I'm not alone. When we leave the nest in this society to make it on our own power, not everyone is taught by parents, school and church to think for themselves, make their own decisions. Read Leo Buscaglia, he knows more than you do. Read Deepak Chopra, he knows how you're supposed to be. I kept up with Chopra until he started talking about living forever in the same body. Who would want to do that? If it could be done, and of course, it can't. Deepak went off into some New Age dreamland with Shakti Gawain, Ram Dass and some others he can have. Good fit for the middle-class New Age Cruise lecture circuit. At that point, I said Bye-bye. Like I bought all Bob Dylan albums when they were new. I brought home Saved and played the first side, I said, Bye-bye Bob. Never listened to the second side. Bob Dylan evangelist was a turn I couldn't take. He repented, however, and it wasn't long before he was writing Bob Dylan songs again. The only real direction I had inside myself in the first fifteen years of freedom to make my own decisions, was I knew what I didn't like. That was it. I wasn't even one to say I know what I like. I knew what I didn't like. That's not much light in the darkness.
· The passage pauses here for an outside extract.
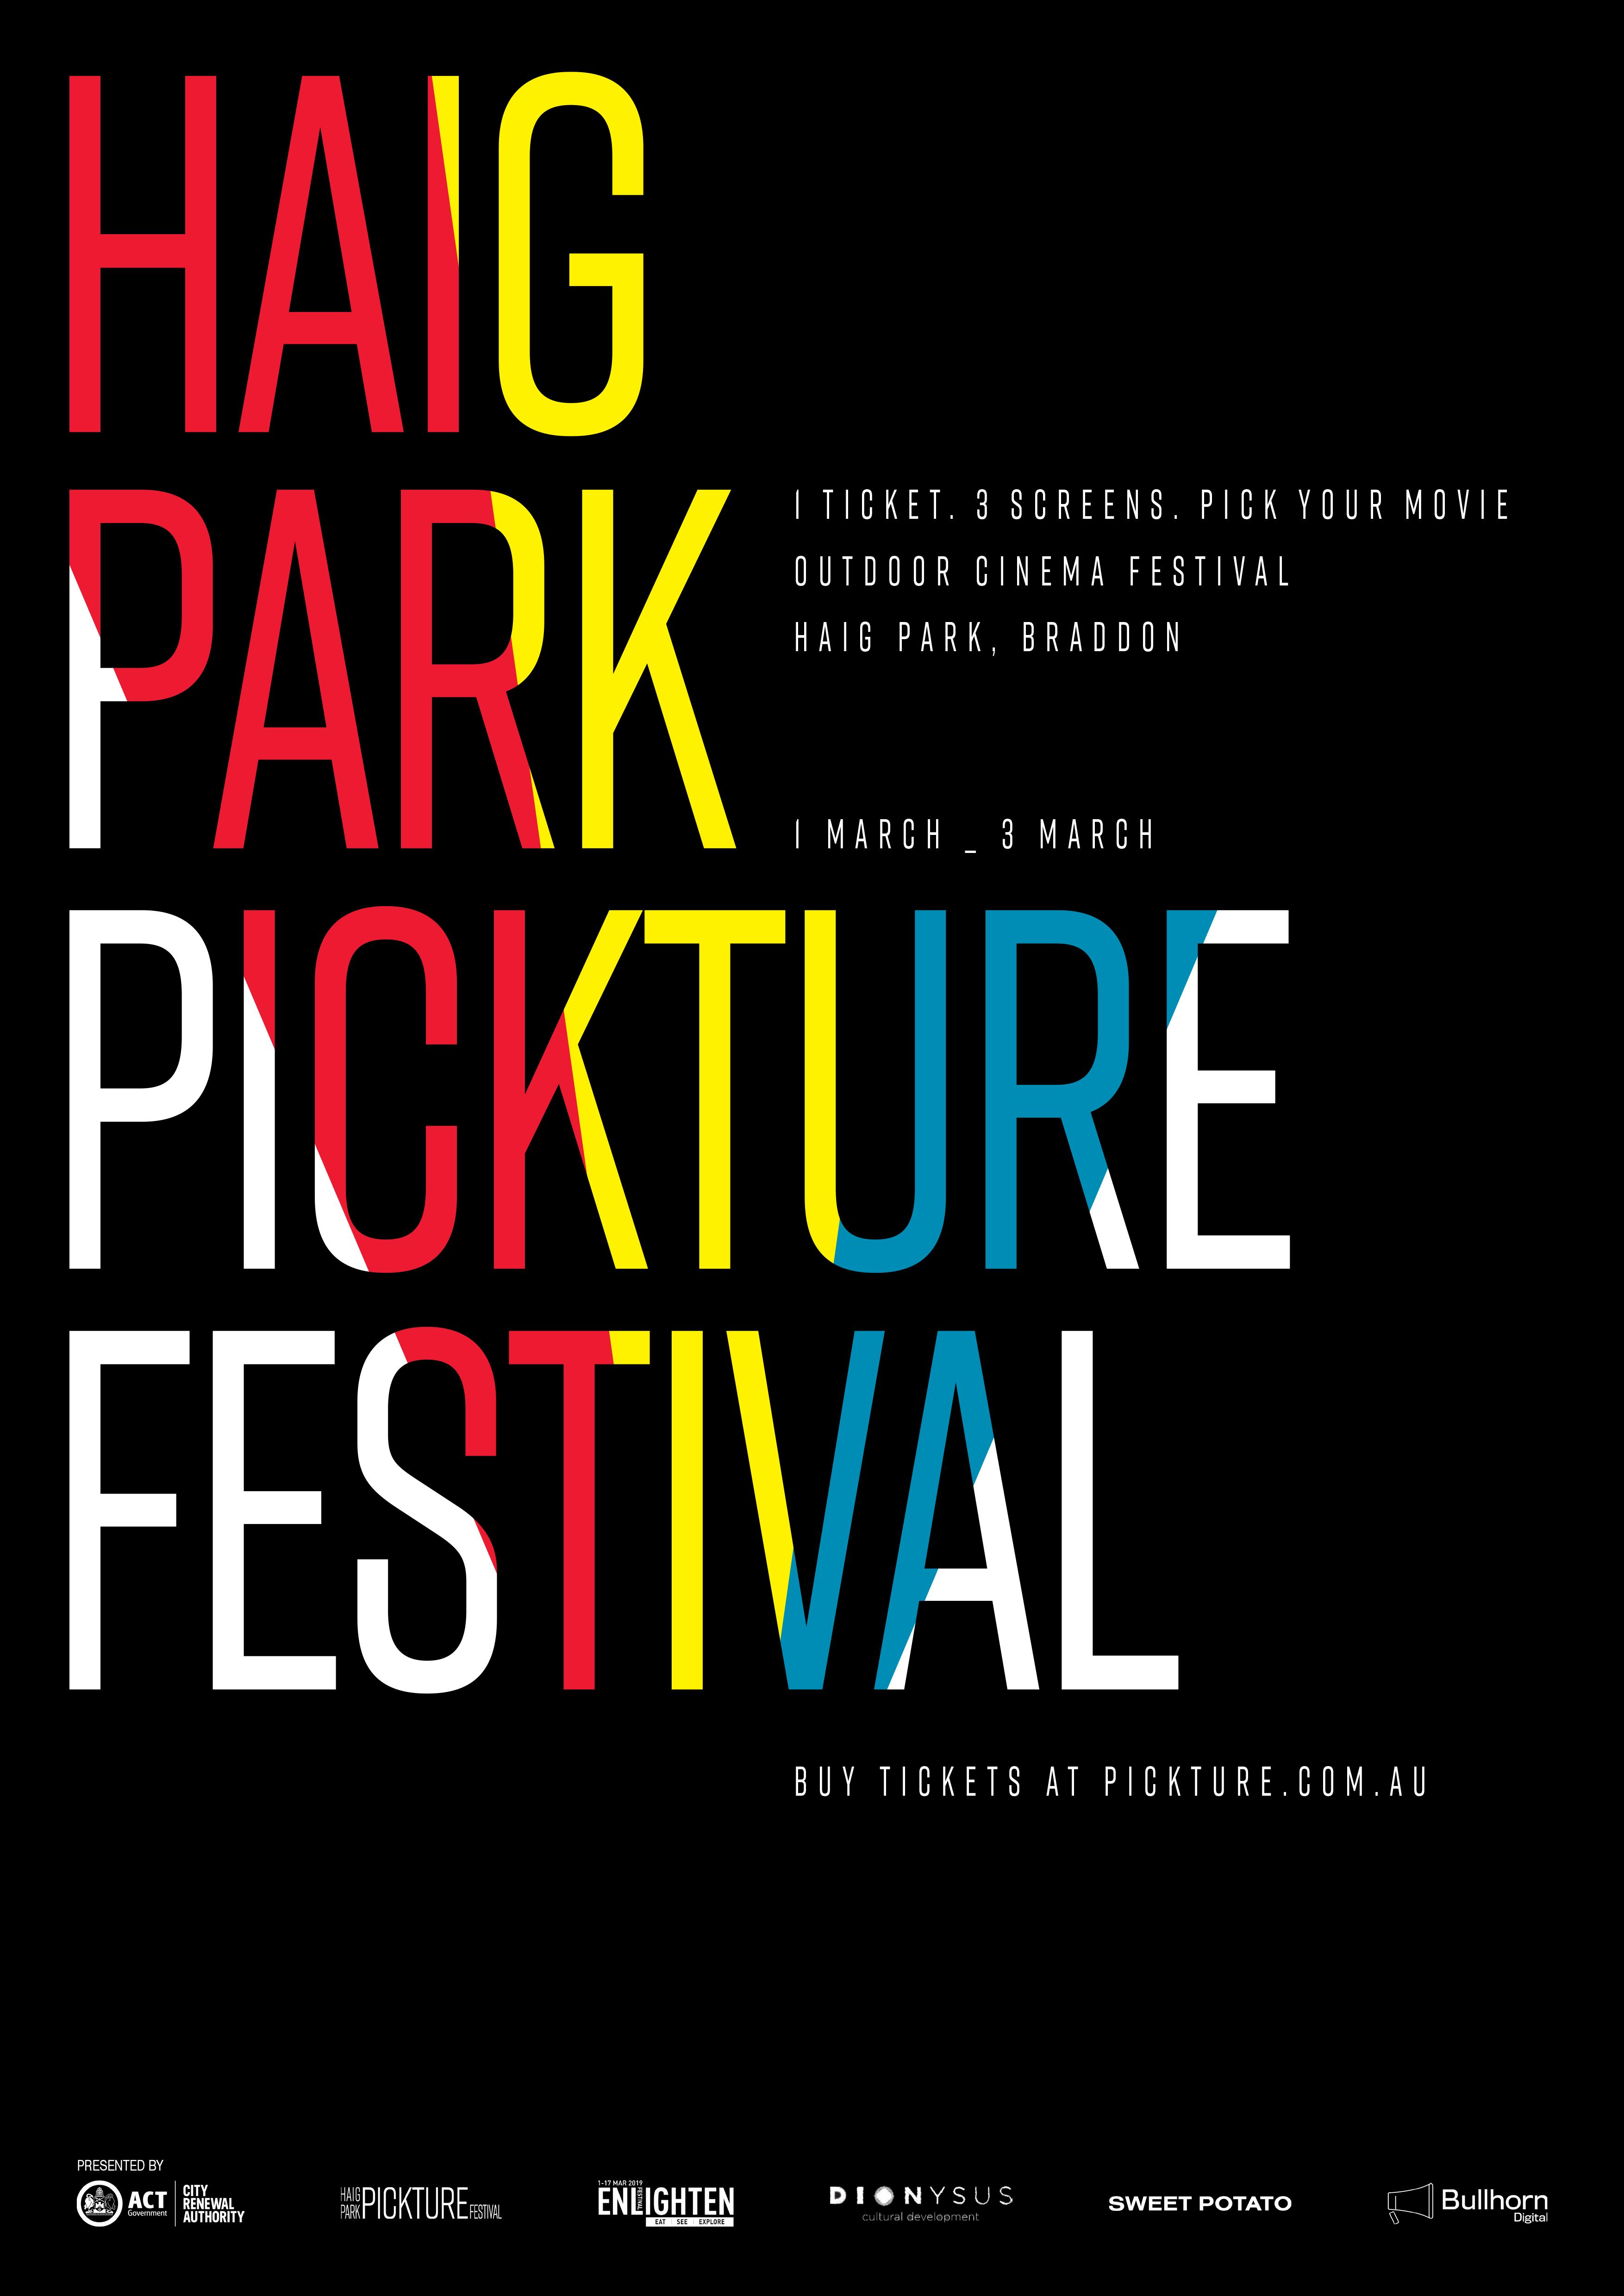 haig park festival poster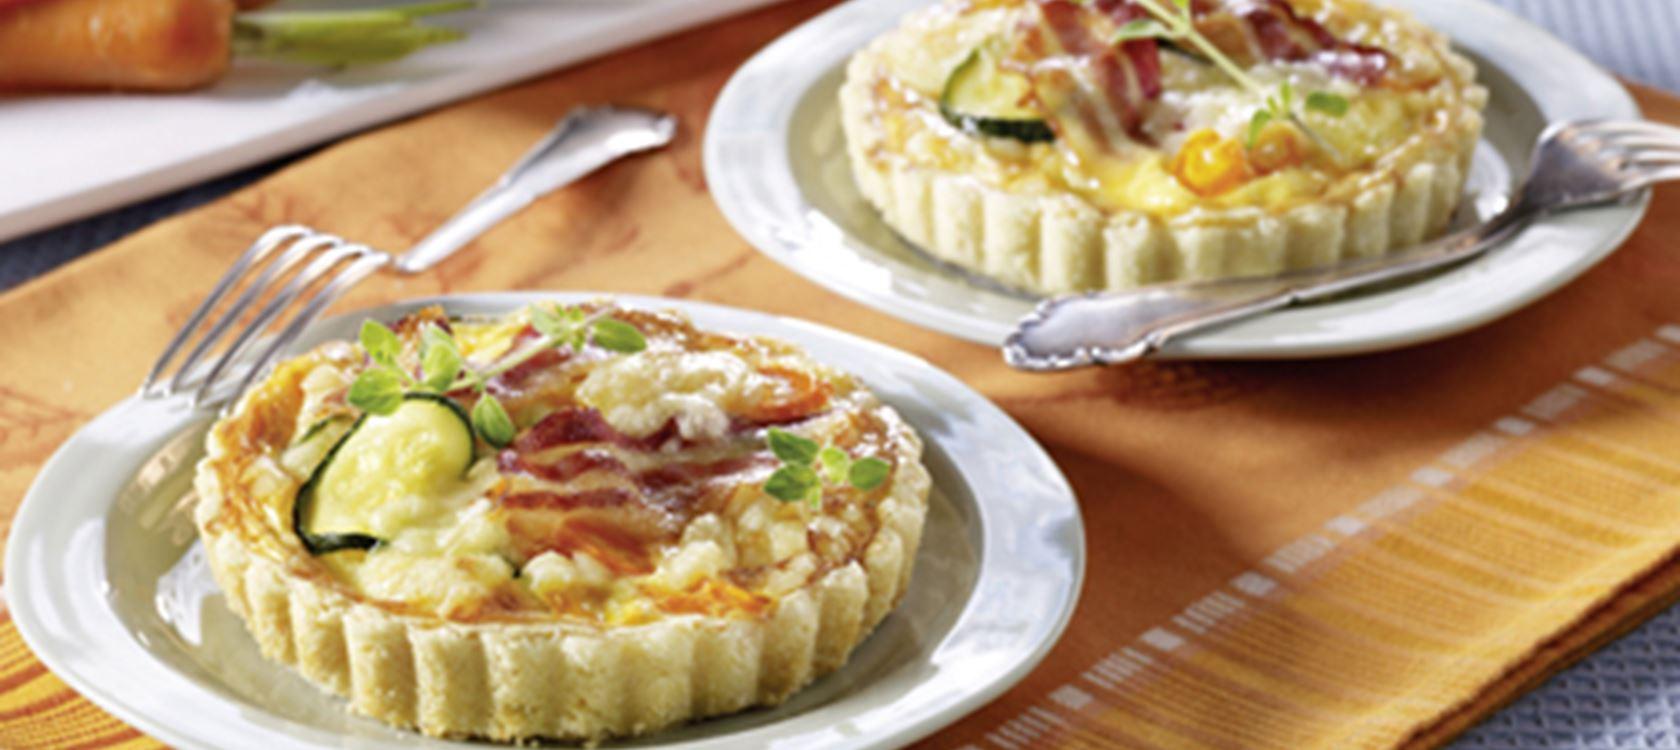 Käse-Pastetchen mit Zucchini und Möhren

It's part of growing up, perhaps even maturity, to have one's own mind, not a disguise of somebody else's. Or maybe it's not even possible to decide entirely for oneself, like a cat, and live in a herd at the same time like a cow. In a herd, I have always been the one that stays off to itself. In every domestic herd you'll find one that stays to itself. It stays near the herd, travels with the herd, will eat with the herd, but isn't entirely a herd beast. It is, because it's with the herd, and it's the nature of a herd to have one cow that stays to itself. It's a herd beast like the others. I don't know what an individual cow's reasoning would be, but mine seems to be about expectations. It's custom among us to expect of the people around us, relatives, friends, neighbors, "he hadn't oughta be doin her that-a way." Gossip. At work the entire time. I don't have a job anymore, am not involved in any organizations with guidelines of behavior to stay within. Expectations coming at me are few anymore. By this time in the life, I hand pick the ones I want to go with. Always it's people I don't know very well who do the expecting whenever it happens anymore. After a few dashed expectations they start knowing me a little bit and stop it. I'd lay odds that some of it has to do with Taurus the bull in the night sky. Snort, kick up some dirt, say: don't you climb over that fence.